Le développement du « travail indépendant dépendant » s’explique par la tertiarisation de l’économie et par les contraintes supposées ou réelles liées au statut de salarié. Les métiers de services sont plus propices à une externalisation. Cette sujétion à un nombre limité de clients pose la question de la couverture sociale. Compte tenu du fait que ces indépendants réalisent bien souvent leurs activités en individuel, la perte de leur client les place rapidement en situation de précarité si n’est pas rapidement remplacé.

Quand l’industrie s’efface devant les services

Dans de nombreux pays la divergence entre industrie et service s’accentue. L’industrie est entrée en récession quand les services continuent à enregistrer une croissance assez vive. Cette évolution si elle se poursuit aura des conséquences assez fortes sur la croissance, la structuration de l’emploi et les inégalités.

Depuis le début de l’année 2018, sur moyenne période, les indicateurs sont orientés à la baisse, que ce soit aux États-Unis, au Japon, en Chine ou en Europe. La croissance des services est supérieure de quatre points à celle de l’industrie au sein de la zone euro. Au Japon comme en Chine, l’écart est de deux points en faveur des services. Aux États-Unis, les deux secteurs d’activité connaissent une croissance identique ces deux dernières années mais, sur six ans, les services l’emportent assez nettement. Au niveau mondial, le taux de croissance de la production manufacturière est passé de 4 à 2 % de 2017 à 2019 en rythme annuel. Cette baisse est imputable à la contraction de la production de voitures (-7 % en base annuelle en 2019).

Le décrochage de l’industrie par rapport à la croissance du PIB débute en 2002 puis s’amplifie surtout après 2010. Ainsi, le PIB a connu une croissance de 125 % de 1998 à 2018 au niveau mondial quand la production manufacturière n’a cru que de 70 %. Aux États-Unis, l’emploi industriel a progressé de 2010 à 2018 de 12 % quand celui des services a connu une progression de 16 %. Pour la zone euro, en dix ans, l’industrie a perdu 2 % de ses emplois quand les services ont enregistré une progression des leurs de 15 %. Au Japon, sur la même période, l’emploi industriel stagne quand celui du secteur tertiaire progresse de 12 %. En Chine, l’emploi industriel est en recul depuis 2014.

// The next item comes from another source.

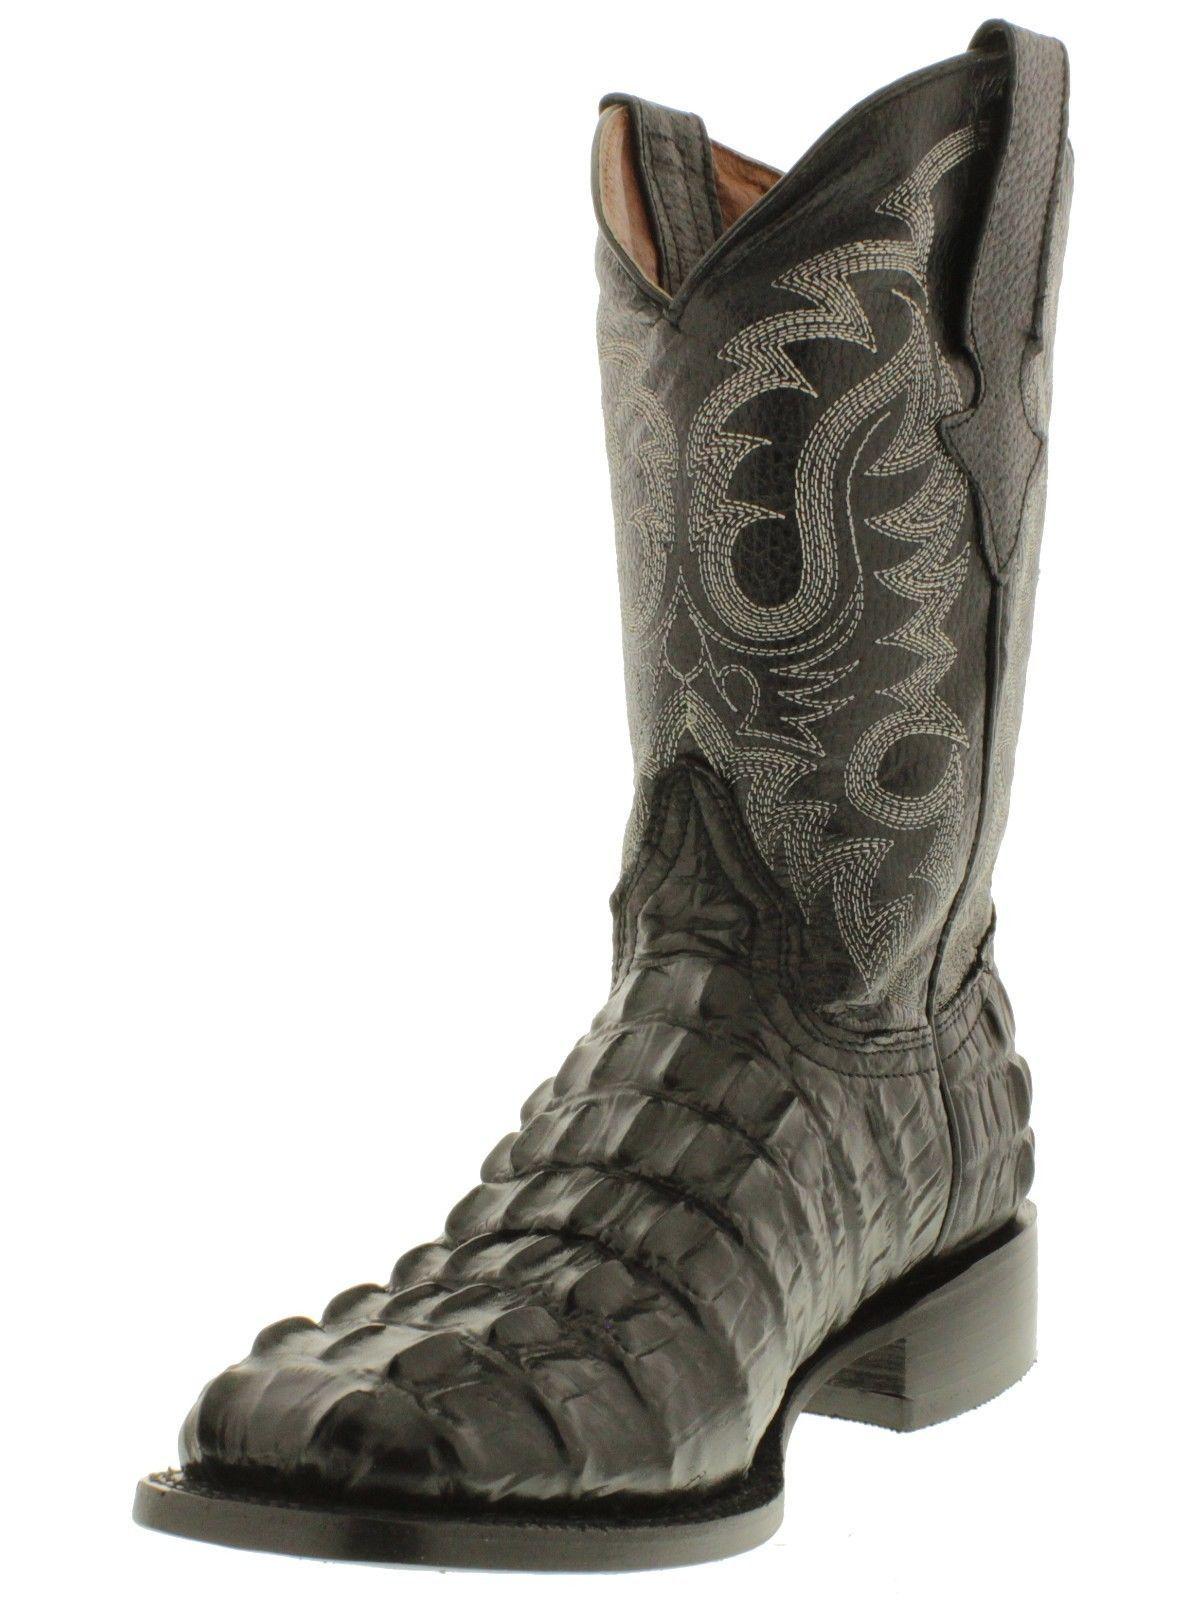 Men's Natural Full Crocodile Tail Print Cowboy Boots Round Toe

La demande des services est en augmentation en raison de la progression du pouvoir d’achat des ménages au sein des pays émergents et du vieillissement généralisé de la population. Les dépenses de santé progressent plus vite que la croissance du PIB et cela d’autant plus que les pays sont riches et que la part des plus de 60 ans est élevée. Cette demande de services a été également favorisée par la montée en puissance des politiques publiques qui conduisent à augmenter les prestations sociales. Les économies occidentales sont à plus de 75 % tertiarisées. Les pays émergents rattrapent, en la matière, leur retard. Le poids des services au sein du PIB chinois dépasse désormais 50 %.

La domination croissante du secteur tertiaire s’accompagne d’un ralentissement des gains de productivité. Aux États-Unis, ils sont passés de plus de 2 % au début des années 2000 à 1 %. En Europe, ils s’élèvent à 0,5 % en 2019 contre 1,2 % sur moyenne période dans les années 2000. Au Japon comme en Chine, une décroissance des gains de productivité est également constatée.

Cette moindre progression des gains de productivité risque d’accentuer la bipolarisation des marchés du travail. L’essor du tertiaire s’accompagne de la création de nombreux emplois à faible valeur ajoutée donnant lieu à des rémunérations moins importantes que celles existantes au sein de l’industrie à qualifications égales. Si le nombre d’emplois à fortes compétences augmente en relation avec la montée en puissance des nouvelles technologies, cette croissance ne permet pas de compenser la diminution des emplois dits de classe moyenne.

Cette bipolarisation risque d’aggraver les inégalités.  Au sein de toutes les grandes zones économiques, le rapport entre les 10 % les plus modestes et les 10 % les plus riches tend à s’accroître. Afin de combattre cet écart croissant, certains États comme la France sont contraints d’augmenter le poids des prestations sociales au point de pénaliser l’emploi et l’activité.

Contrairement à certaines idées reçues, la solution passe certainement par une augmentation du niveau de productivité des services, ce qui suppose tout à la fois des investissements accrus dans la digitalisation et dans la formation. La réussite des précédentes révolutions industrielles est passée par l’augmentation des gains de productivité. Pour le moment, ce n’est pas le cas avec le digital. La diffusion des innovations que permet cette technologie est plus lente qu’attendue. Par ailleurs, elle est ralentie par la résistance croissante de la population et des structures en place à la mutation. Le maintien de faibles taux d’intérêt contribue à empêcher le renouvellement de l’économie. Il permet à des entreprises non ou faiblement rentables de perdurer au lieu de laisser la place à de nouvelles. Du fait du vieillissement de la population, les marges de manœuvres financières pour opérer un changement de paradigme sont plus étroites que dans le passé.